Under article 4 of the Organic Law 99-209 a New Caledonian citizenship has also been introduced: only New Caledonian citizens (defined by article 188) have the right to vote in the local elections. This measure has been criticized, because it creates a second-class status for French citizens living in New Caledonia who do not possess New Caledonian citizenship (because they settled in the territory only recently). New Caledonia is also allowed to engage in international cooperation with independent countries of the Pacific Ocean. Finally, the territorial Congress is allowed to pass statutes that are contrary to French law in a certain number of areas.

On the other hand, New Caledonia remains an integral part of the French Republic. Inhabitants of New Caledonia are French citizens and carry French passports. They take part in the legislative and presidential French elections. New Caledonia sends two representatives to the French National Assembly and two senators to the French Senate. The representative of the French central state in New Caledonia is the High Commissioner of the Republic (Haut-Commissaire de la République, locally known as "haussaire"), who is the head of civil services, and who sits in the government of the territory.

The Nouméa Accord stipulates that the Congress will have the right to call for a referendum on independence after 2014, at a time of its choosing.

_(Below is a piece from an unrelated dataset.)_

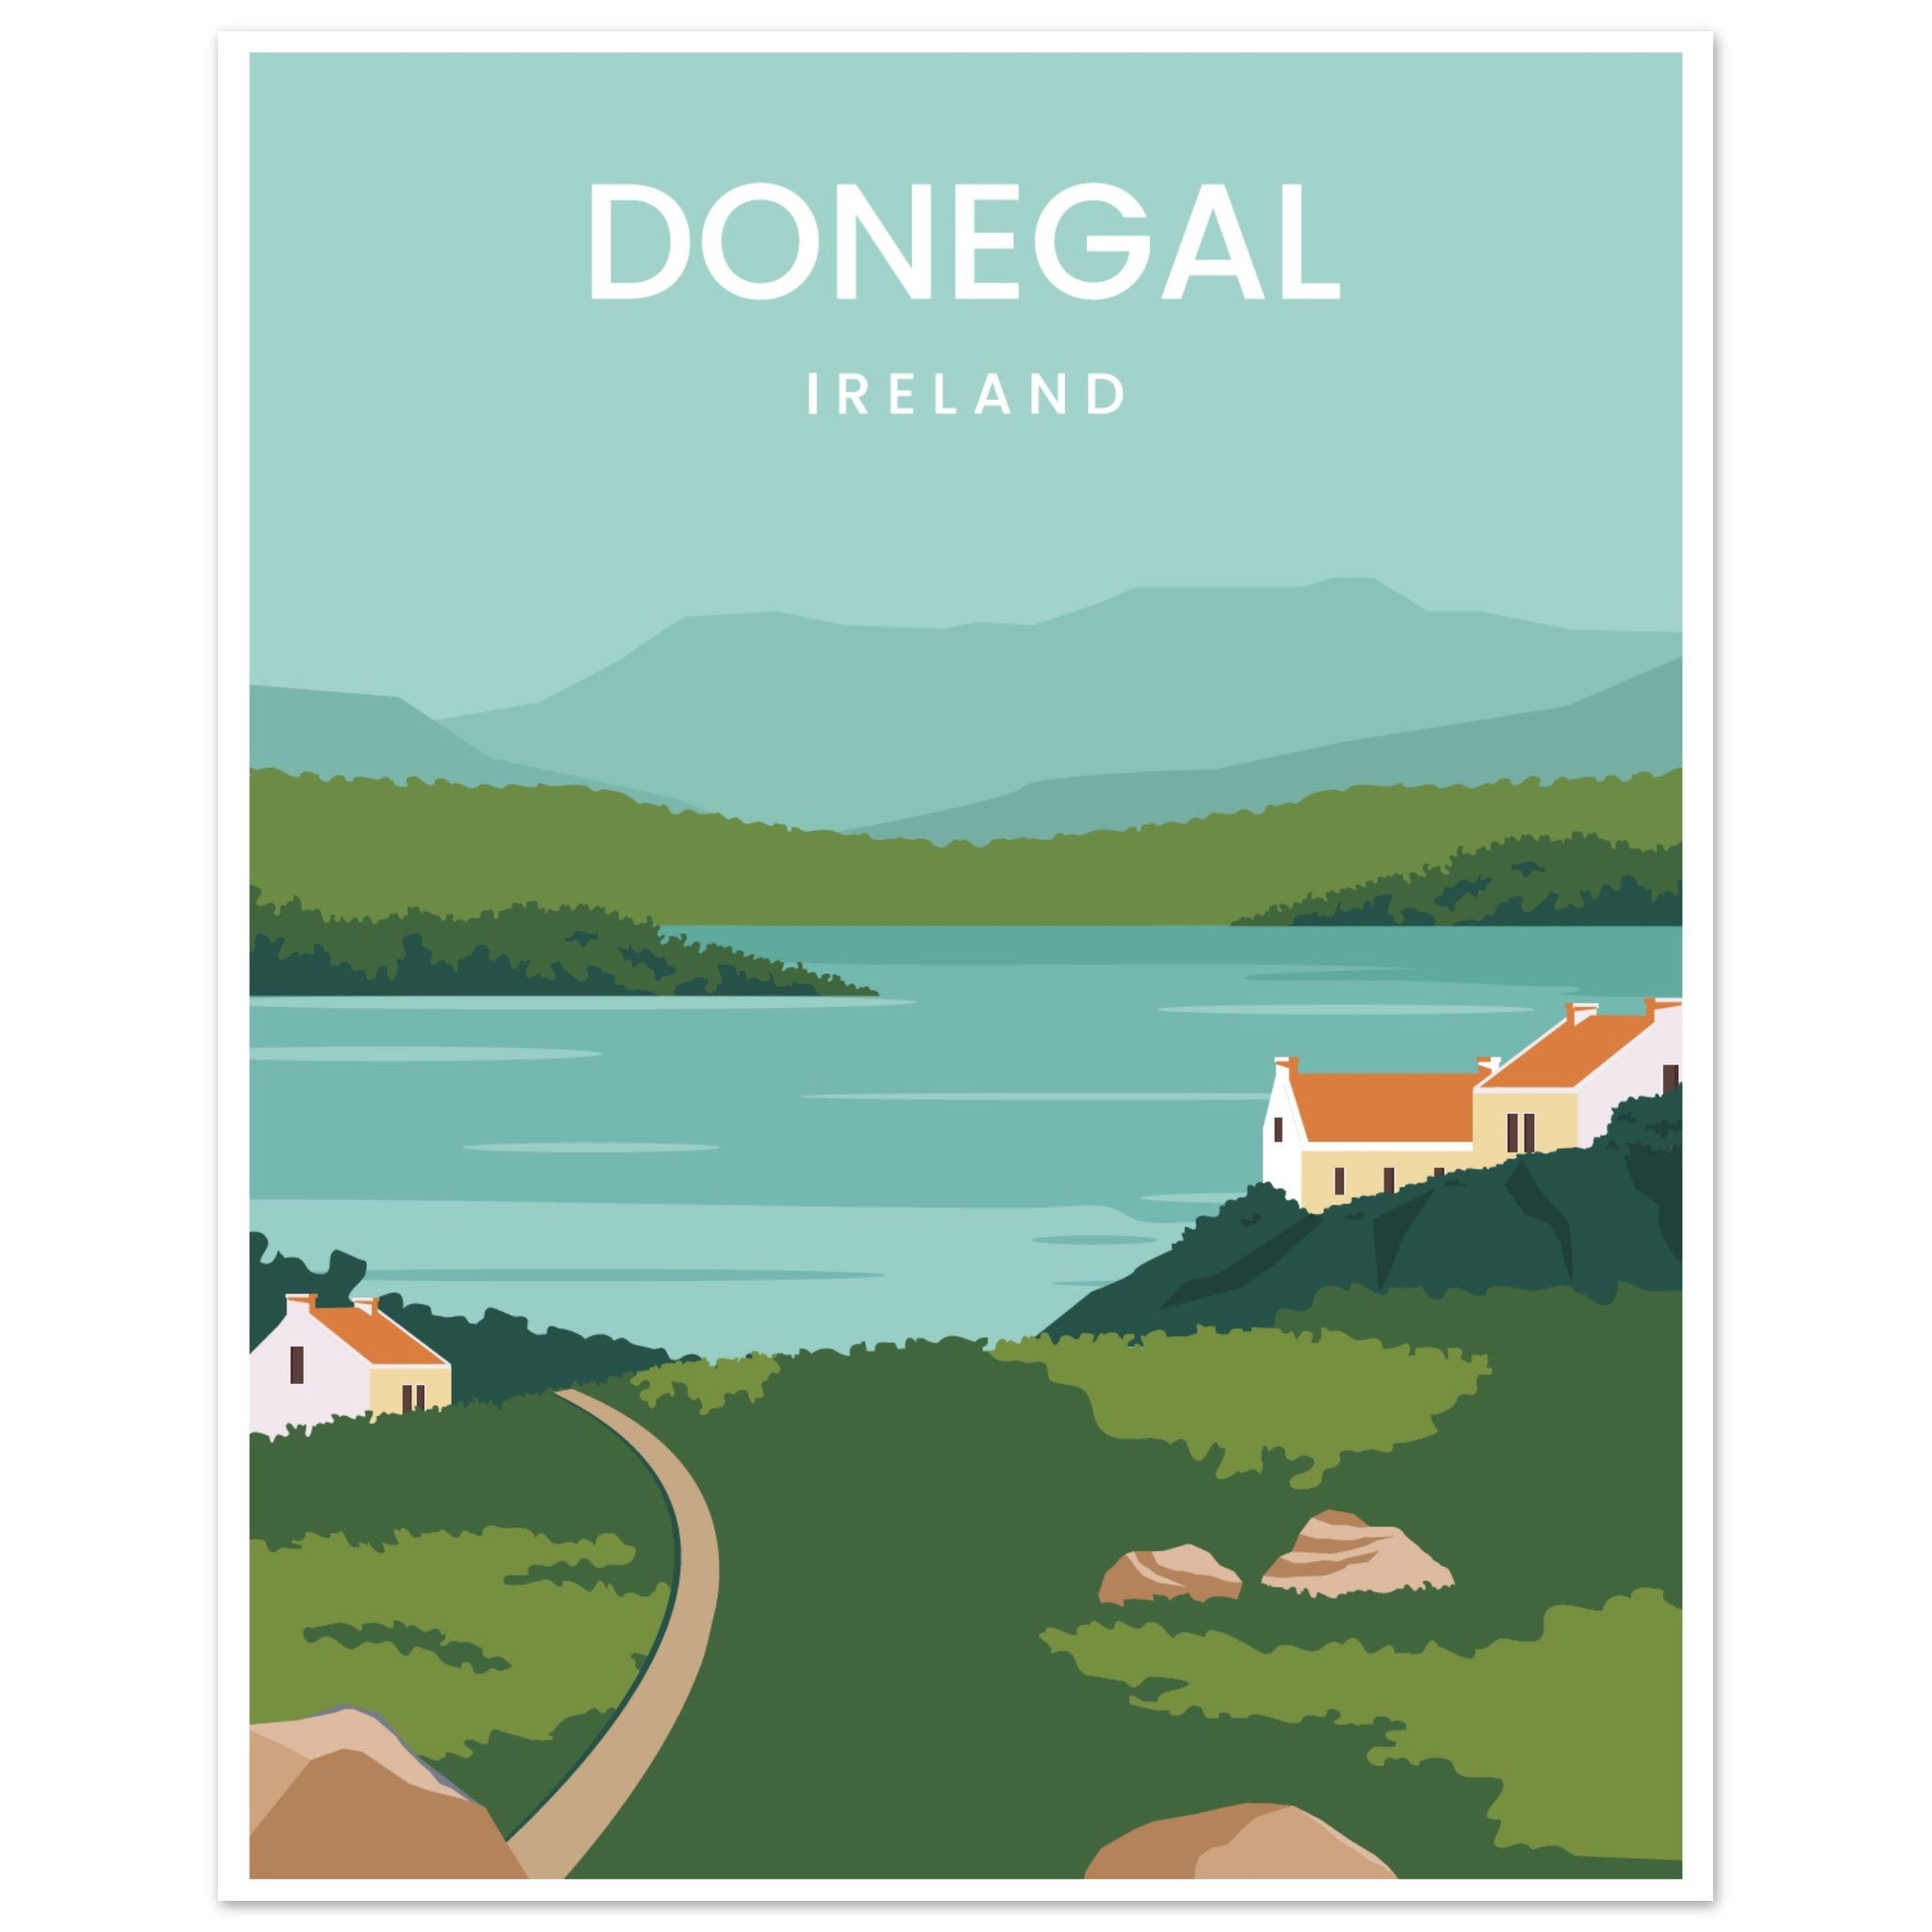 Minimalist Donegal, Ireland travel poster art print, showcasing serene landscapes and iconic Irish elements in a stylish, simplified design, ideal for wall decor.
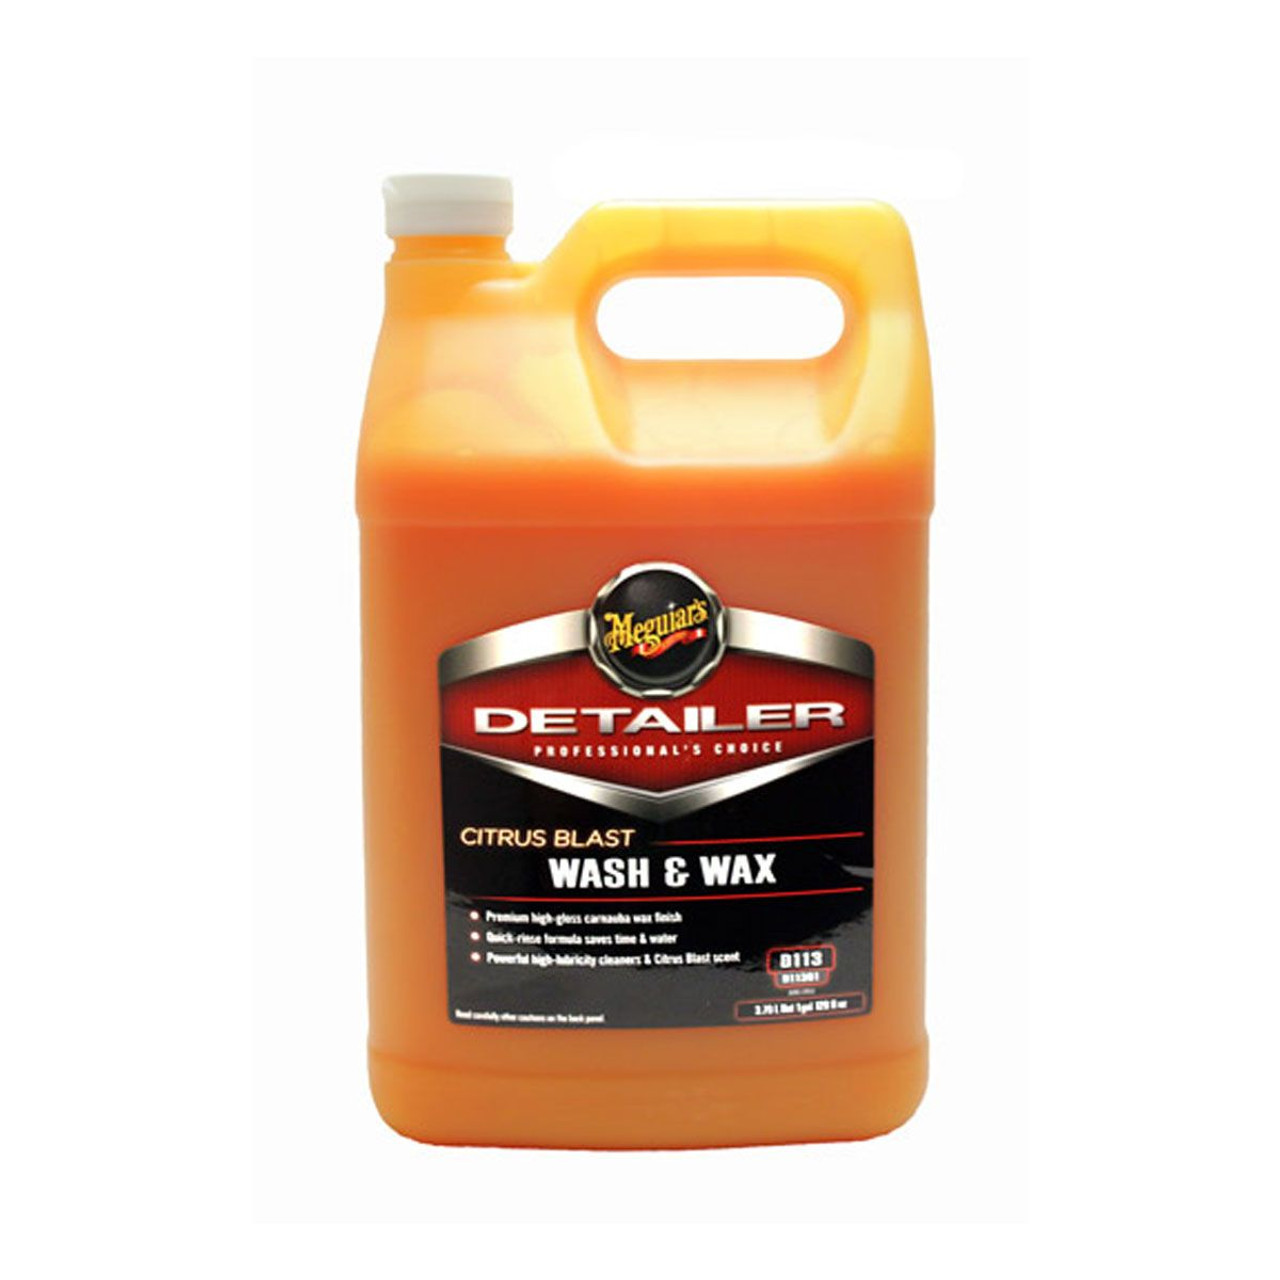 Meguiar's - Meguiar's® Citrus Blast Wash & Wax is formulated for fast and  efficient premium washes while providing additional gloss and Carnauba  protection. The high-lubricity cleaners work to clean your paint for

Following the timeline set by the Nouméa Accord, the groundwork was laid for a Referendum on full independence from France at a meeting chaired by the French Prime Minister Édouard Philippe on 2 November 2017, with the referendum to be held by November 2018. Voter list eligibility had been a subject of a long dispute, but the details were resolved at this meeting. In the 2018 referendum, voters narrowly chose to remain a part of France. Two further referendums were permitted, being held in 2020 and 2021. 2020 saw slimmer margins than in the 2018 referendum, with 46.74% in favor of independence, while the 2021 vote overwhelmingly rejected independence, with 96.49% against it.

The current president of the government elected by the Congress is Thierry Santa, from the loyalist (i.e. anti-independence) The Rally political party.

Executive branch

|High Commissioner
|Laurent Prévost
| 
|5 August 2019
|-
|President of the Government
|Thierry Santa
|The Rally
|6 July 2019
|}

The high commissioner is appointed by the French president on the advice of the French Ministry of Interior. The president of the government is elected by the members of the Territorial Congress.

Legislative branch
The Congress (Congrès) has 54 members, being the members of the three regional councils, all elected for a five-year term by proportional representation. Furthermore, there is a 16-member Kanak Customary Senate (two members from each of the eight customary aires).

Political parties and elections

Latest territorial election

Parliamentarians

French National Assembly
Philippe Dunoyer (first constituency, Caledonia Together, CE) elected 2017
Philippe Gomès (second constituency, Caledonia Together, CE) elected 2012

French Senate
Pierre Frogier (The Rally) elected 2011
Gérard Poadja (Caledonia Together, CE) elected 2017

Judicial branch
Court of Appeal or Cour d'Appel; County Courts; Joint Commerce Tribunal Court; Children's Court

Administrative divisions

New Caledonia is divided into three provinces: Province des Îles, Province Nord, and Province Sud - which are further subdivided into 33 communes.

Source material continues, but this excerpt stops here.